*** Material shown ***

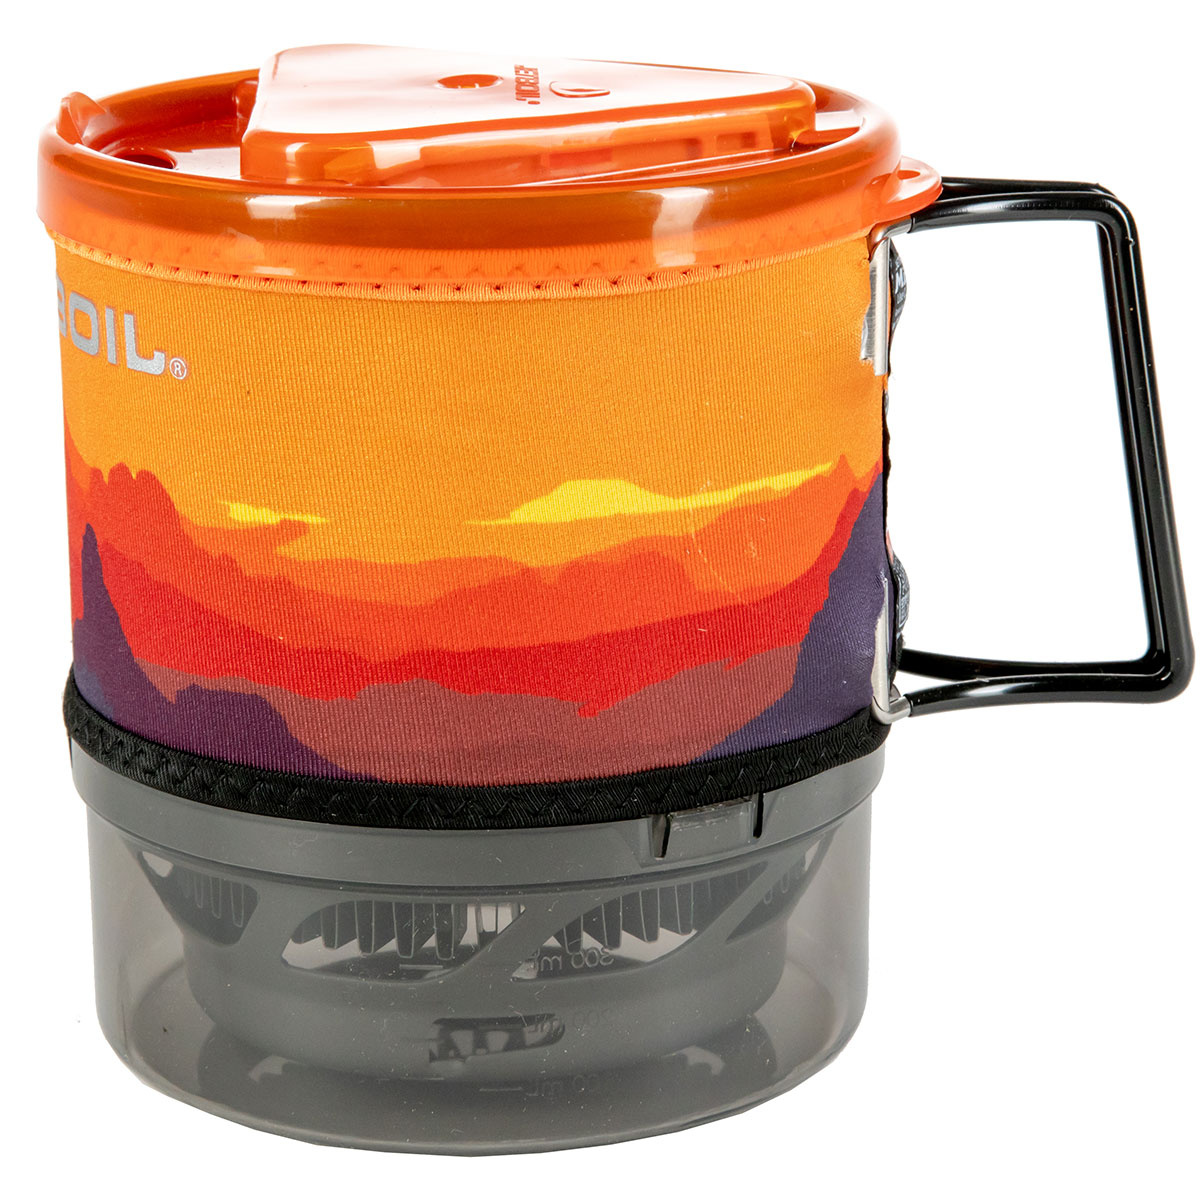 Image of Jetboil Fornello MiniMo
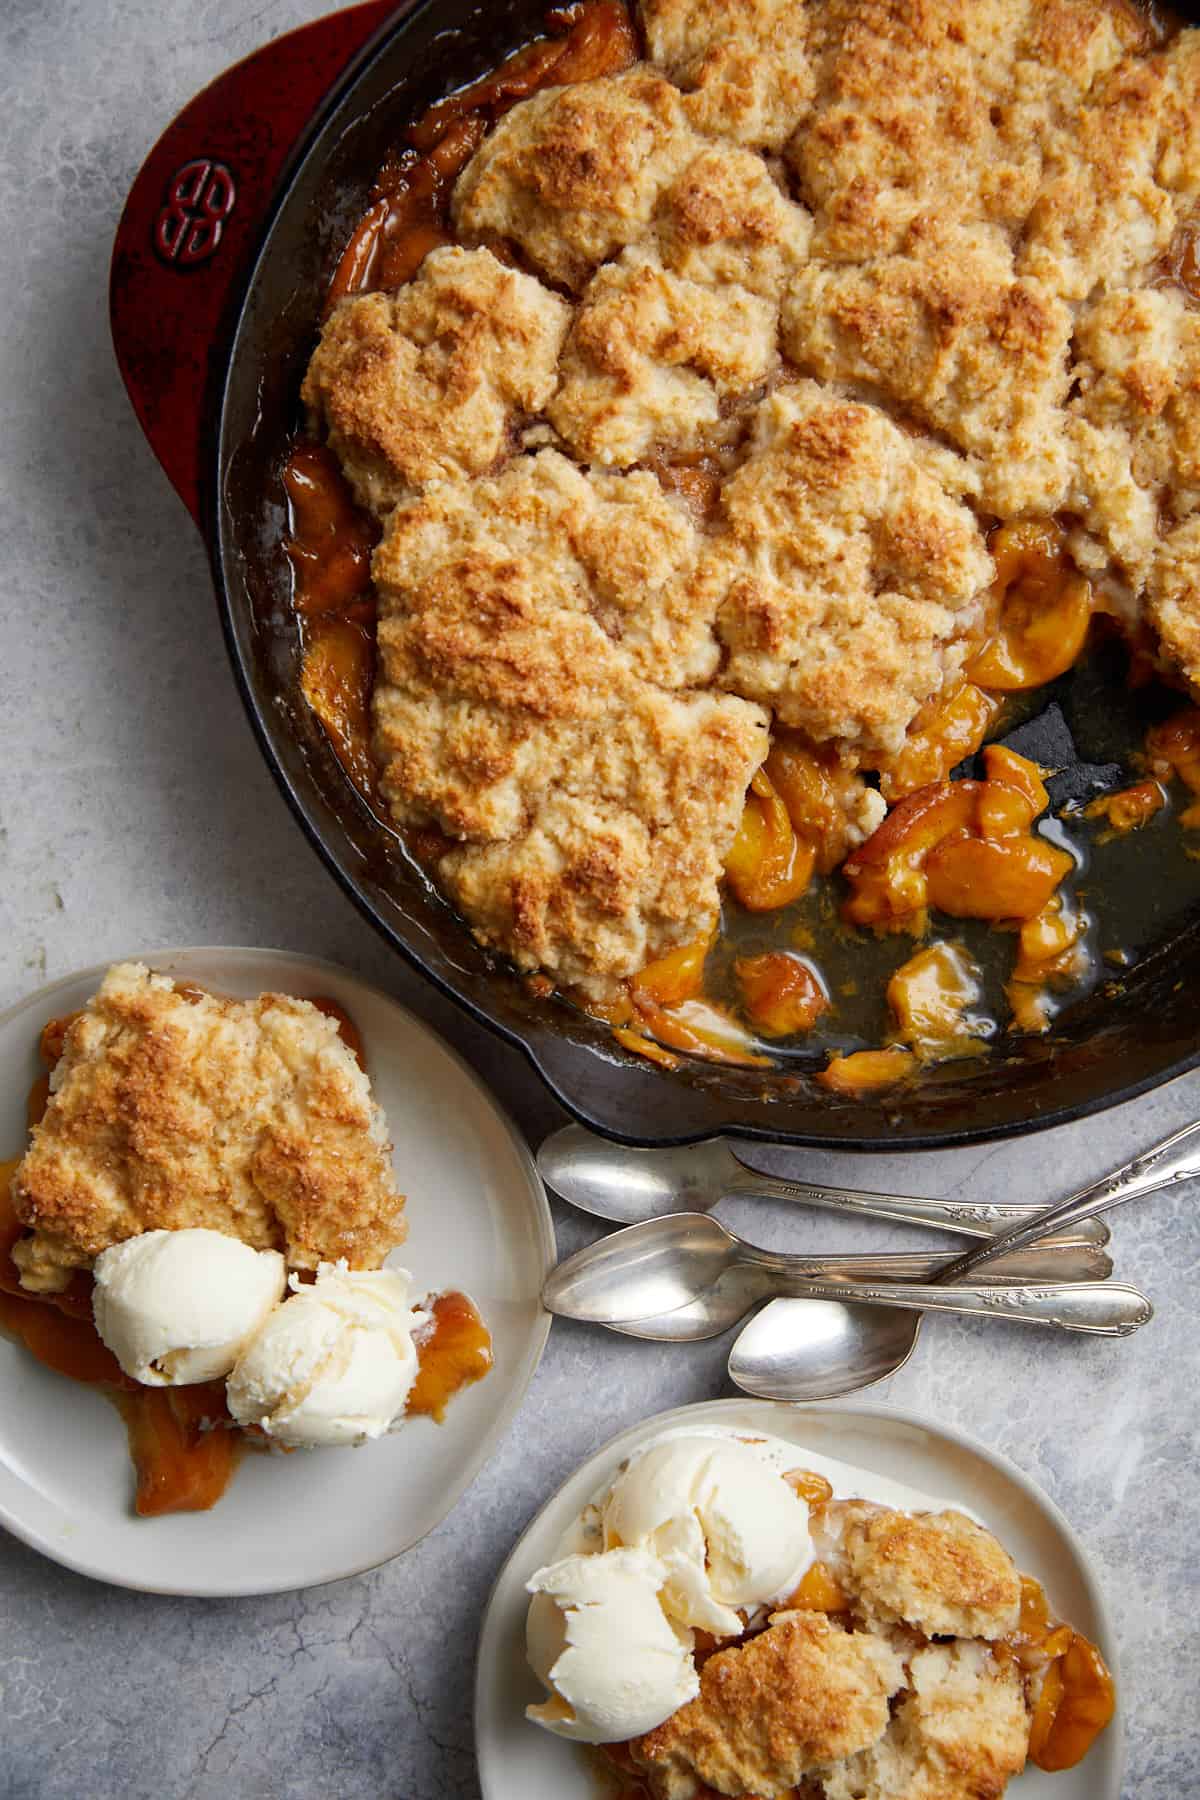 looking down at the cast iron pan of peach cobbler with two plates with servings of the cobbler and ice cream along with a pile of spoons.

*** End of Material shown ***
*** Material shown ***

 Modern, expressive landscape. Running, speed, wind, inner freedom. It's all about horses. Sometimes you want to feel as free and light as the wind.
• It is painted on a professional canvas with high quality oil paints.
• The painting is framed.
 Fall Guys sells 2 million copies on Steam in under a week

*** End of Material shown ***
*** Material shown ***

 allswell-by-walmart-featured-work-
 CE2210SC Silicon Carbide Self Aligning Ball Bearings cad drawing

*** End of Material shown ***

[Task brief] Pictures excluded, transcribe the listing above exactly from the line with "Image of Jetboil Fornello MiniMo" through the line with "looking down at", and no further.

[Solution to the problem]
 Image of Jetboil Fornello MiniMo
 looking down at the cast iron pan of peach cobbler with two plates with servings of the cobbler and ice cream along with a pile of spoons.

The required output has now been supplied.